• **Exercise brief**: With the pictures left out, restate exactly the part below that opens with the line containing "Banarasi Bandhej Gharchola" and closes with the line containing "nude heels size 5.5".

• **Task input**:
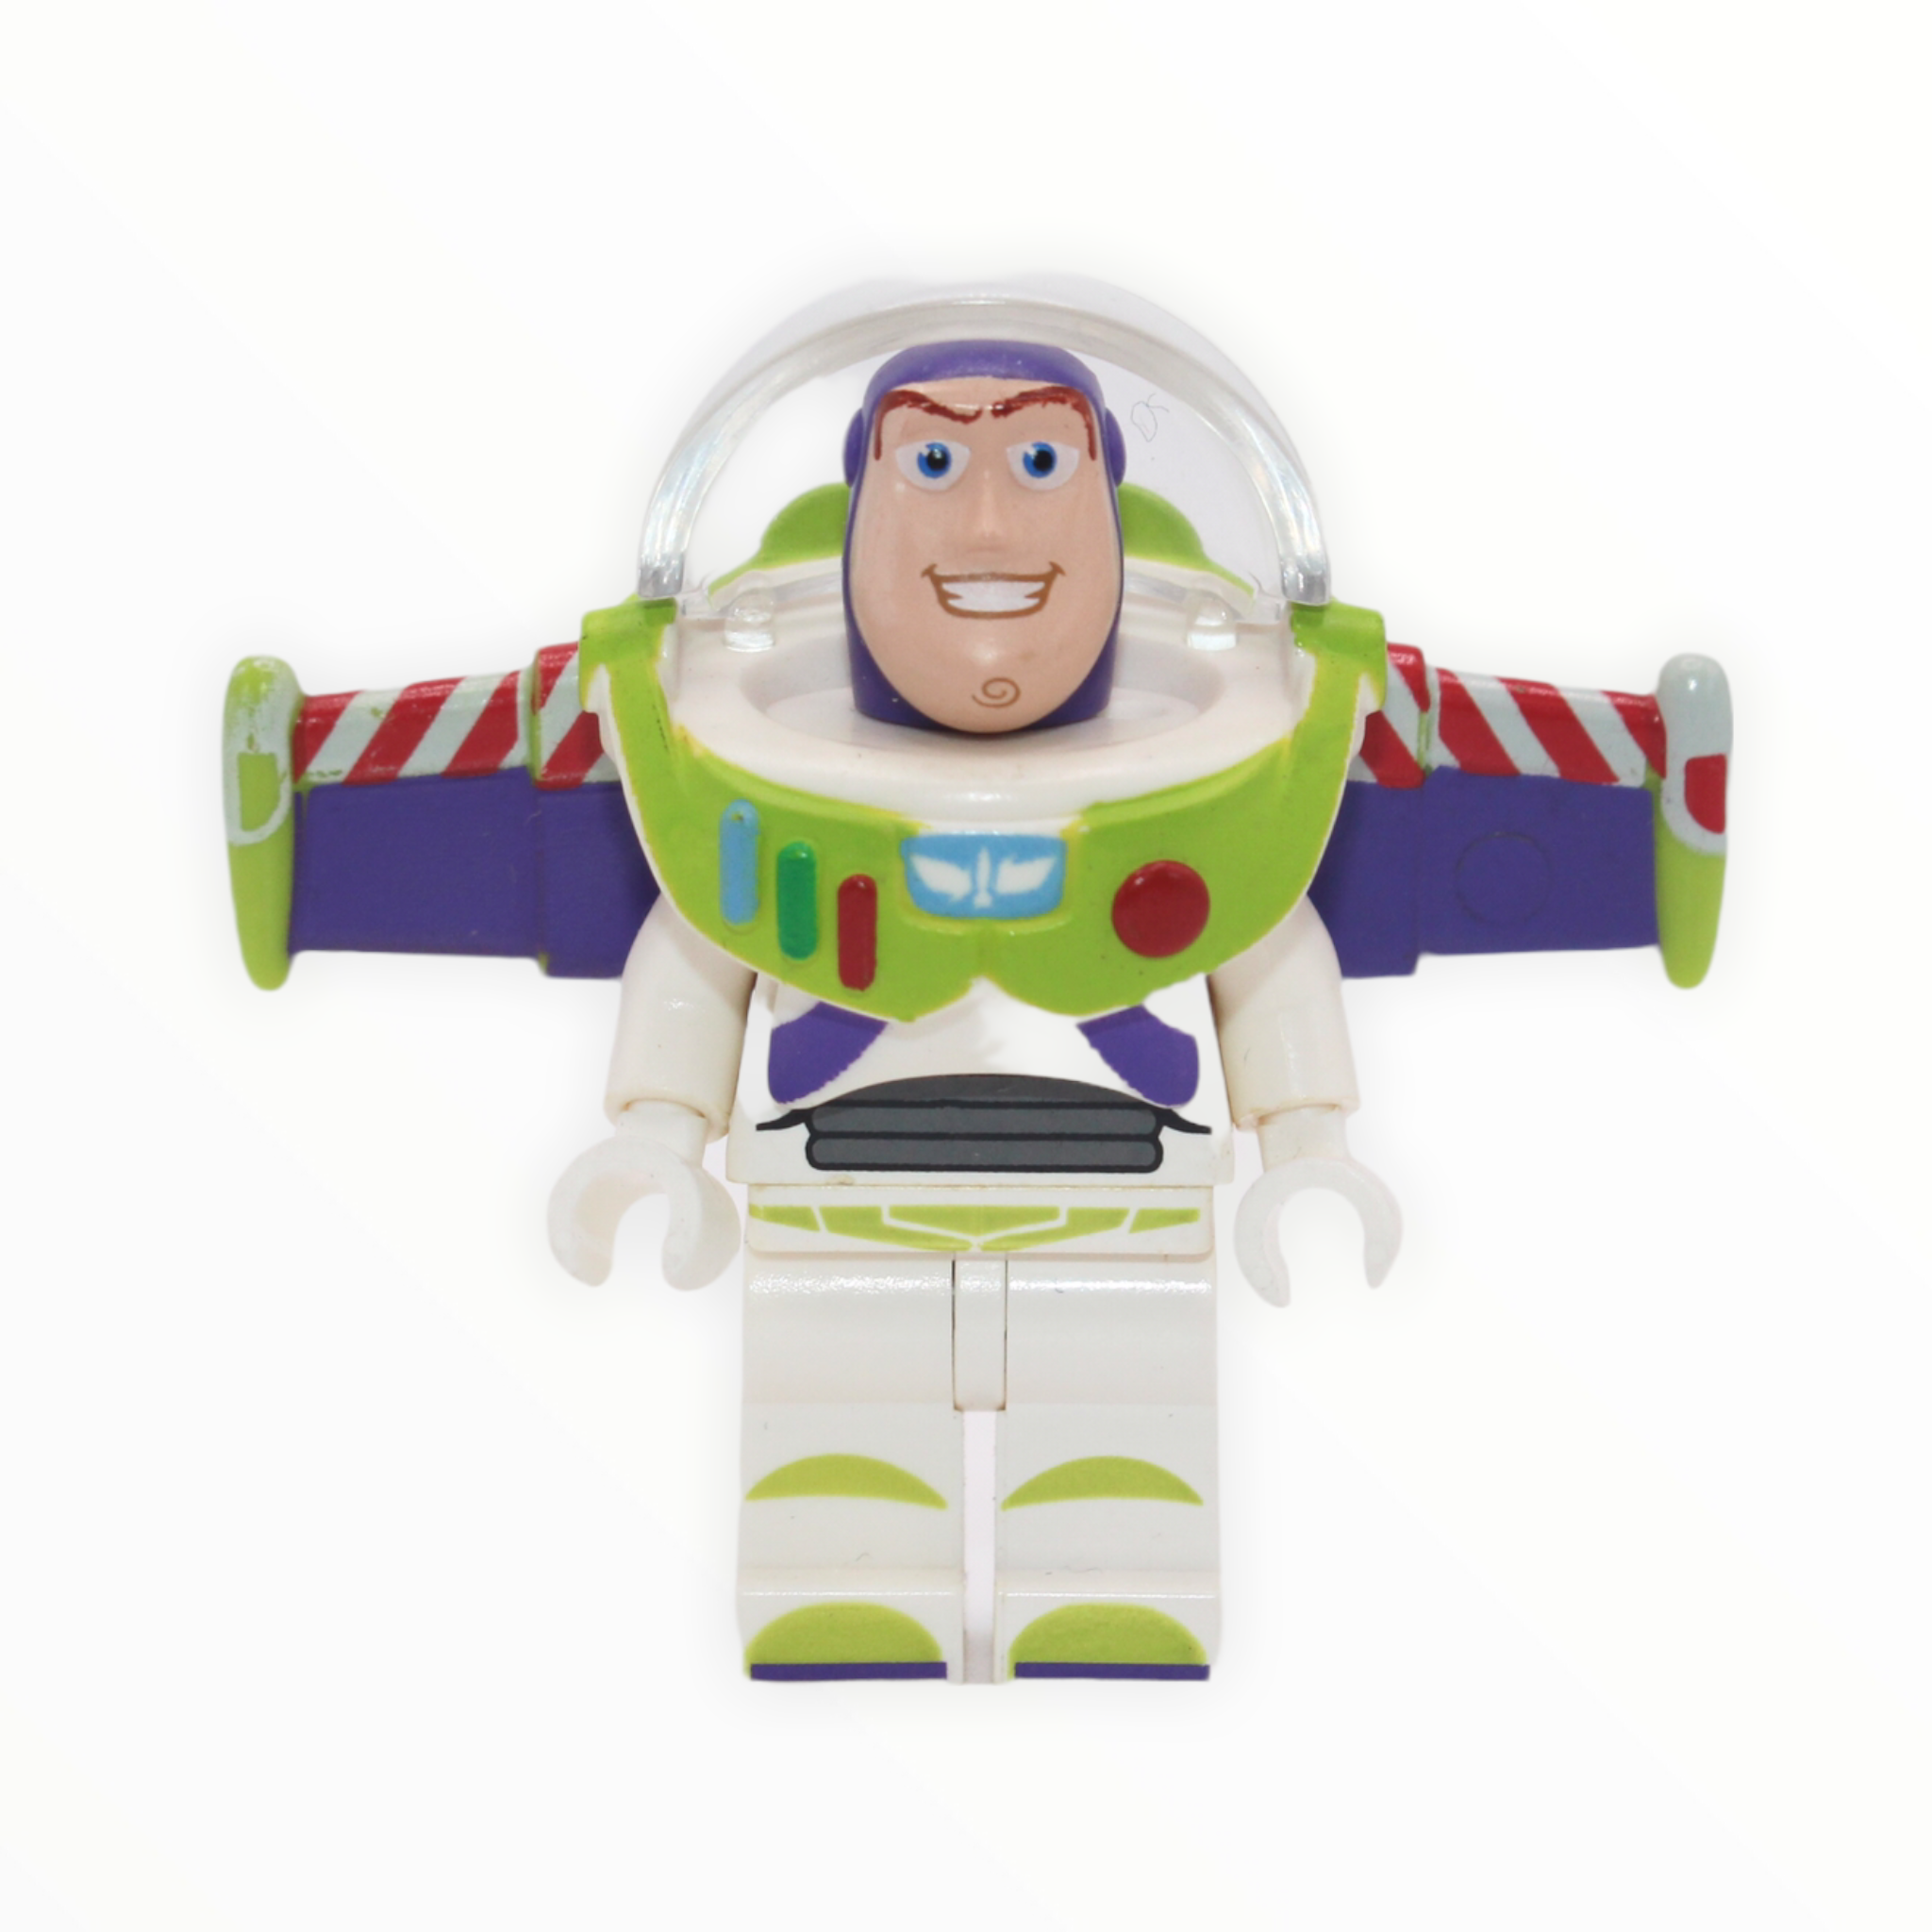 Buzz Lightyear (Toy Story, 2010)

* * *

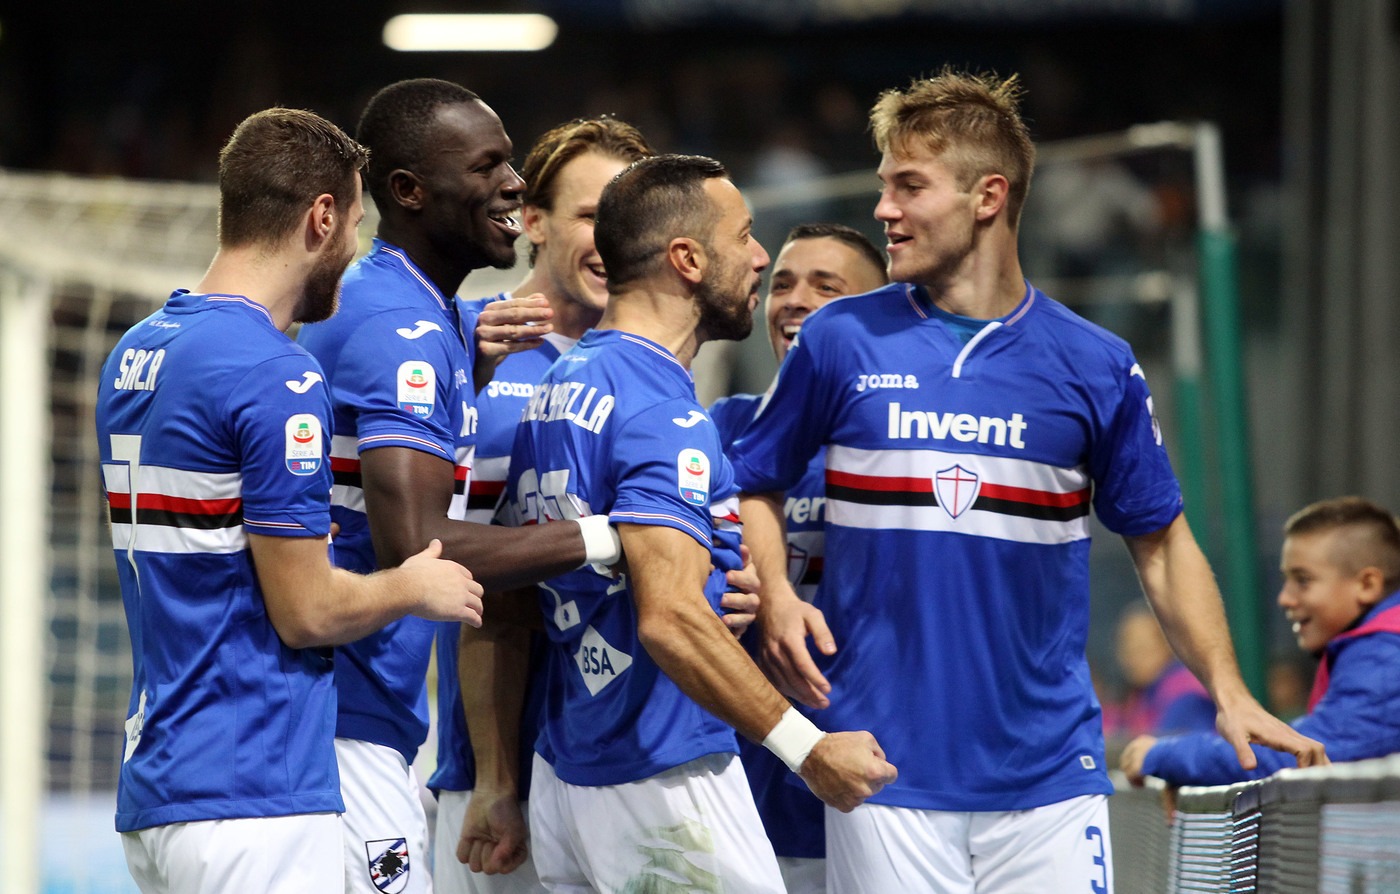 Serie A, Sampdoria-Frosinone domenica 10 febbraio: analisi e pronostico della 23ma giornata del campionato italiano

---

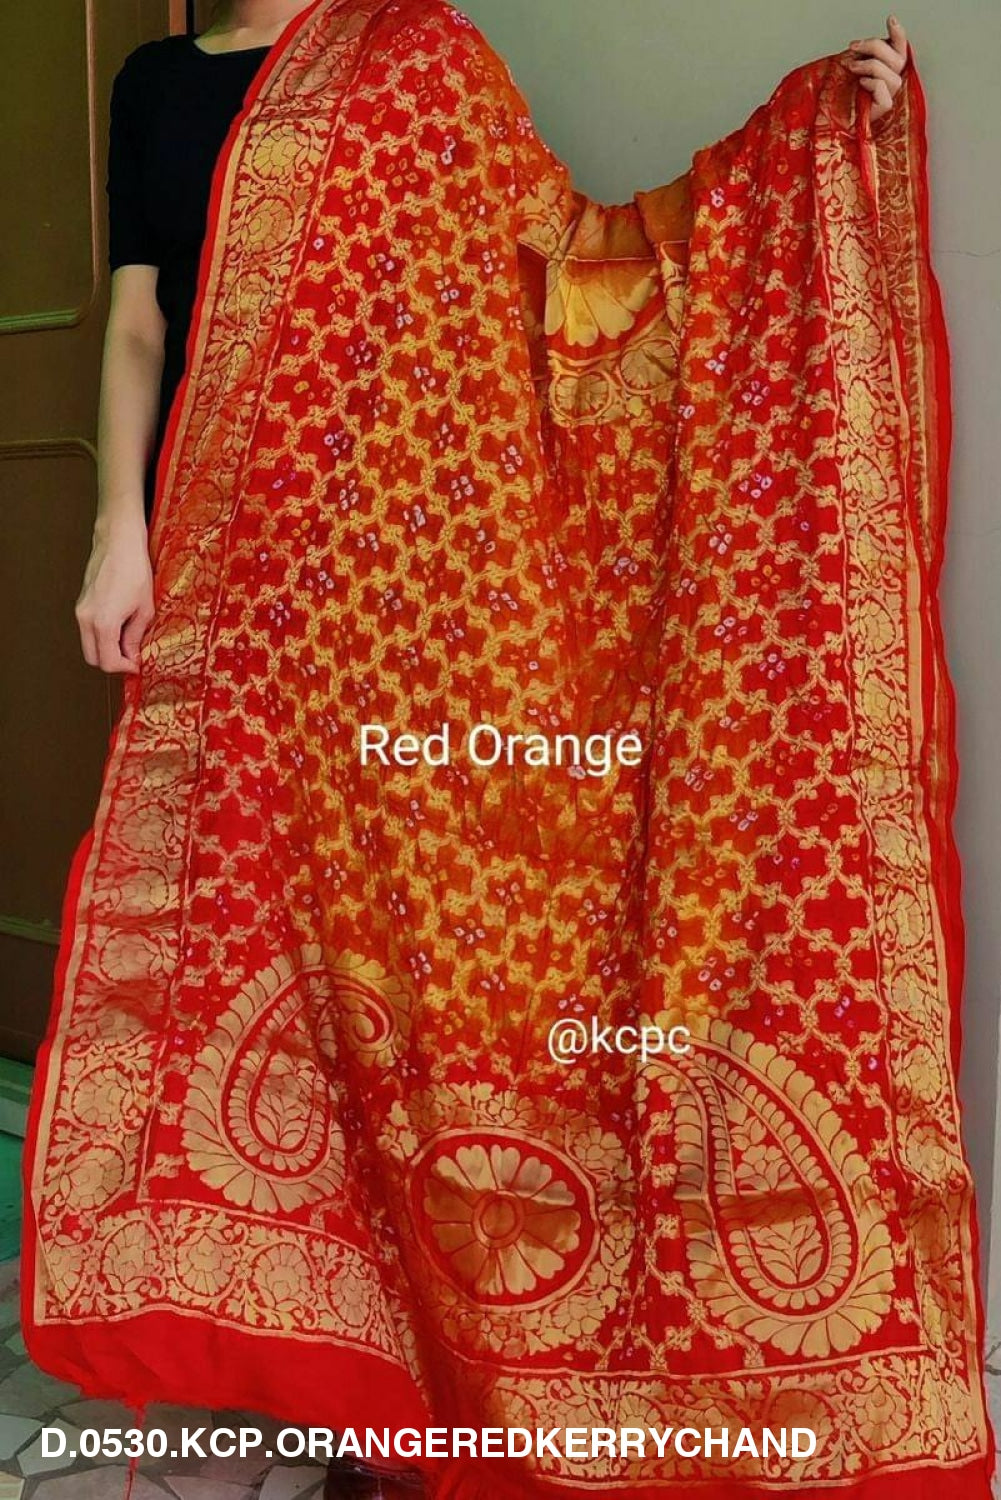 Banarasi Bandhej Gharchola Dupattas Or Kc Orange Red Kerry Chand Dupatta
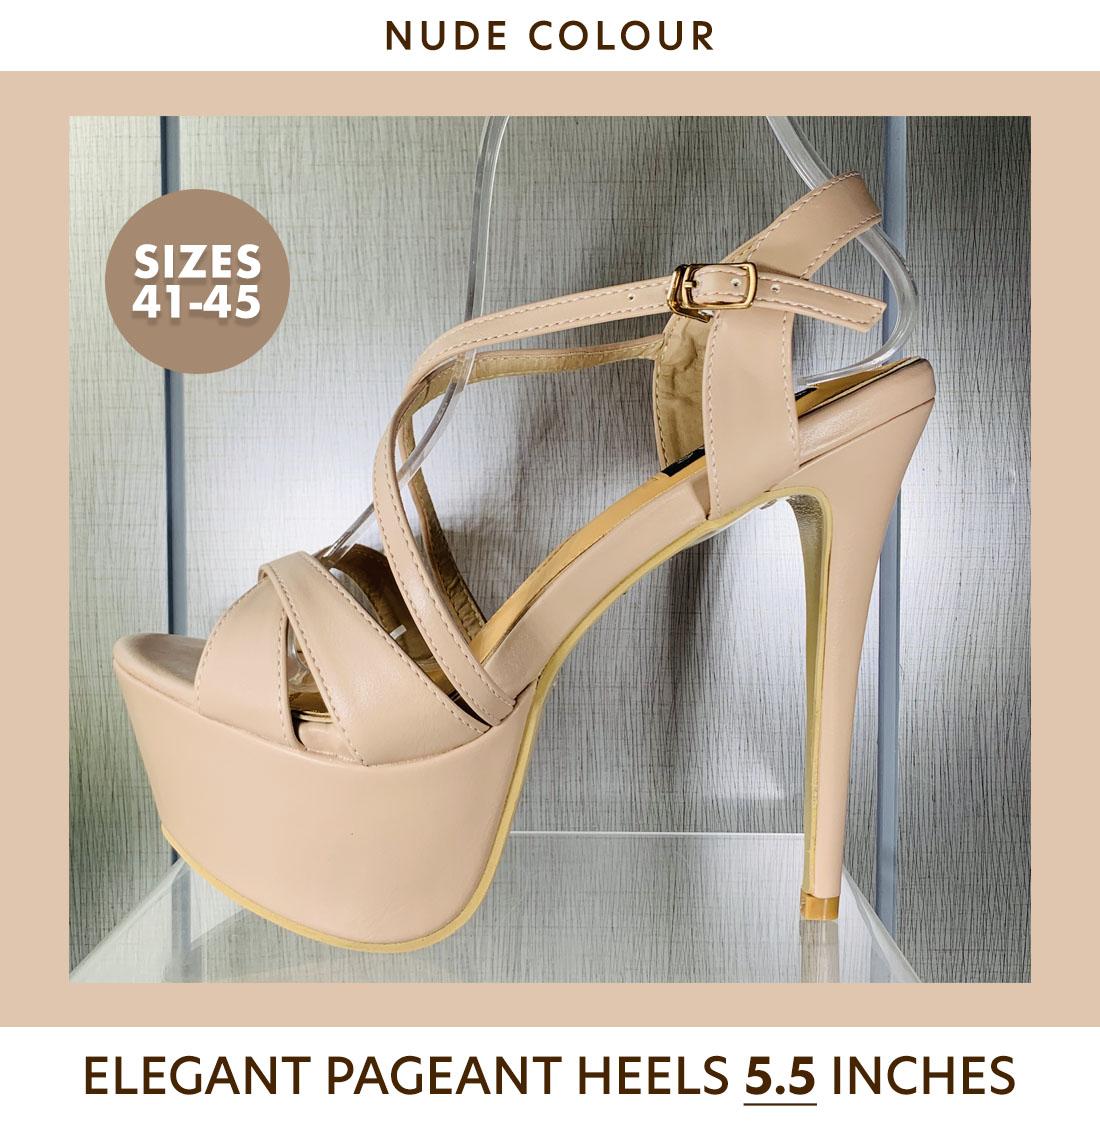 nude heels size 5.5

• **Your solution**:
 Banarasi Bandhej Gharchola Dupattas Or Kc Orange Red Kerry Chand Dupatta
 nude heels size 5.5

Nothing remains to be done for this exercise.